According to Ónodi et al. (2017a), drought can temporarily change the NDVI–biomass relationship. Several structural and physiological changes may result in lower NDVI readings, such as decreased specific leaf area, light absorptance, and green biomass to standing biomass ratio because of drought treatment (Cornic and Massacci 1996). However, Filella et al. (2004) and Mänd et al. (2010) found NDVI a reliable proxy for biomass estimation across treatments, seasons, and sites in the same experimental design. As there were not remarkable long-term compositional changes in the vegetation due to the drought treatment at our site (Kröel-Dulay et al. 2015), we conclude that the lower NDVI value after drought treatments indicated less aboveground green biomass because of increased drying and reduced sprouting.

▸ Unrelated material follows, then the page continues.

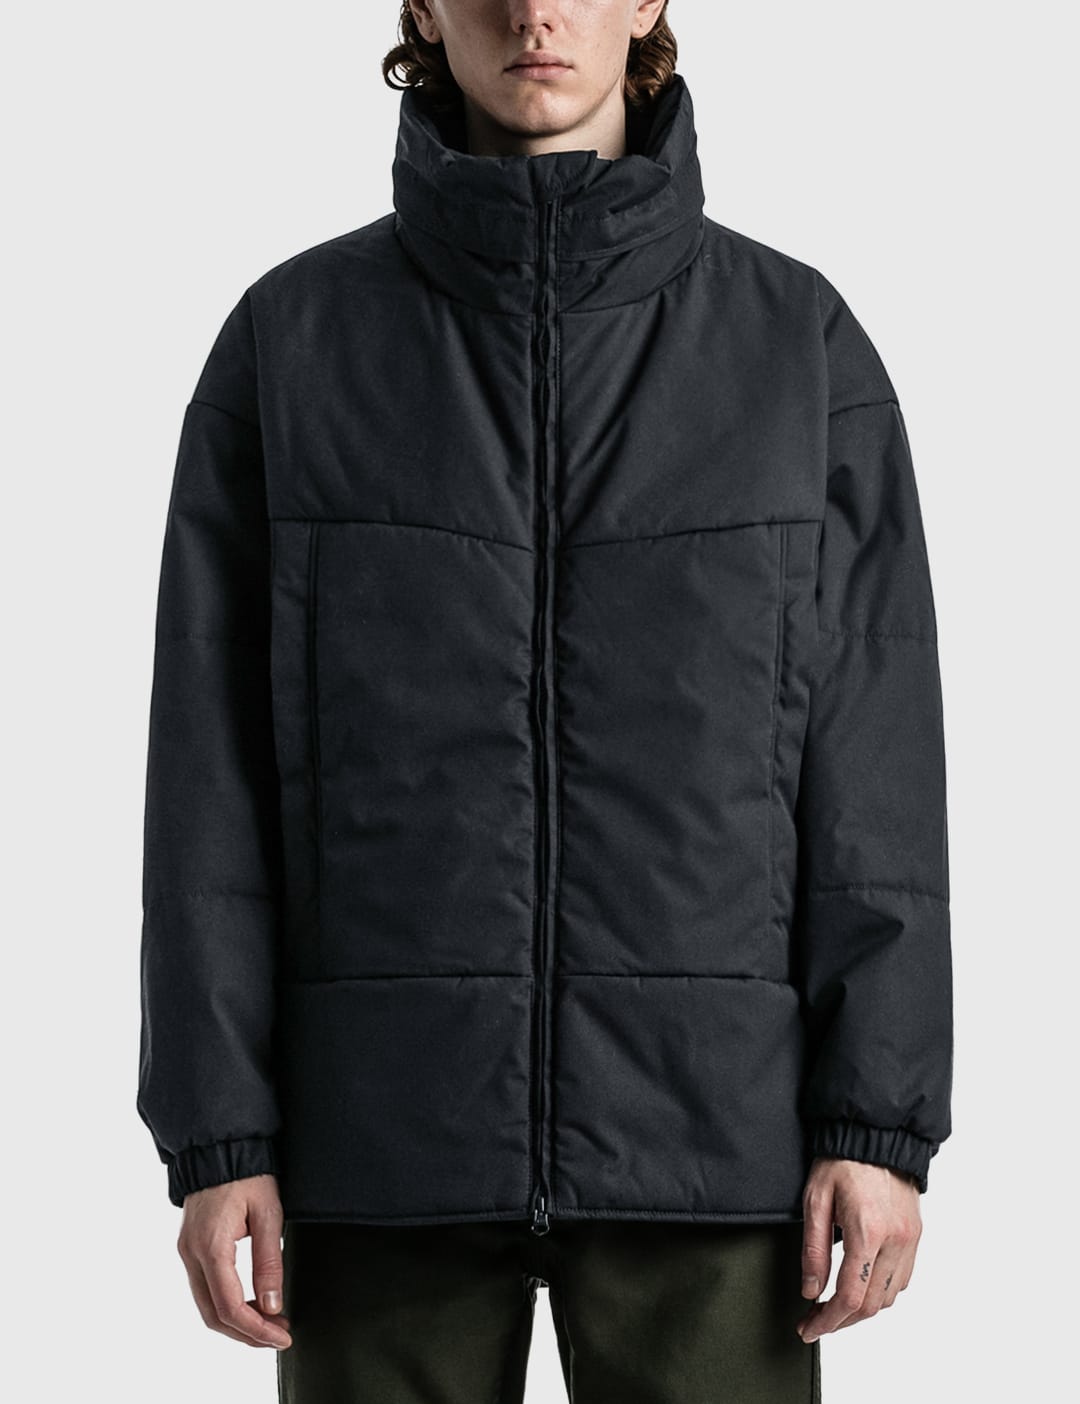 Nanamica - Field Jacket | HBX - HYPEBEAST 為您搜羅全球潮流時尚品牌

The loss of biomass peak in consecutive years due to drought could lead to severe changes in the carbon budget of the ecosystem. Nagy et al. (2007) found that net ecosystem exchange (NEE) in semiarid grasslands of the same ecosystem can turn to positive (i.e., carbon releasing) in dry years. However, according to Pintér et al. (2008), the NEE in the same vegetation type is negative (i.e., carbon accumulating) in years of normal or above normal precipitation. Our finding that plant biomass recovers by the next drought treatment show the resilience of this drought-adapted vegetation. Considering the long-term climate prediction of increasing frequency of both extreme dry and extreme wet years (Bartholy and Pongrácz 2007), there is no direct danger of desertification in the studied community, as the carbon loss in dry years can be compensated by carbon accumulation in wet years.

In conclusion, we want to underline two of our findings. First, by means of application of field remote sensing, we demonstrated the negative effect of drought treatment on the aboveground plant biomass and the ANPP in a diverse semiarid shrubland–grassland community. At the same time, we showed that only one yearly measurement right after the treatment may overestimate the effect of drought, disregarding the compensation processes of late-successional ecosystems, which can be detected using multiple within-year measurements.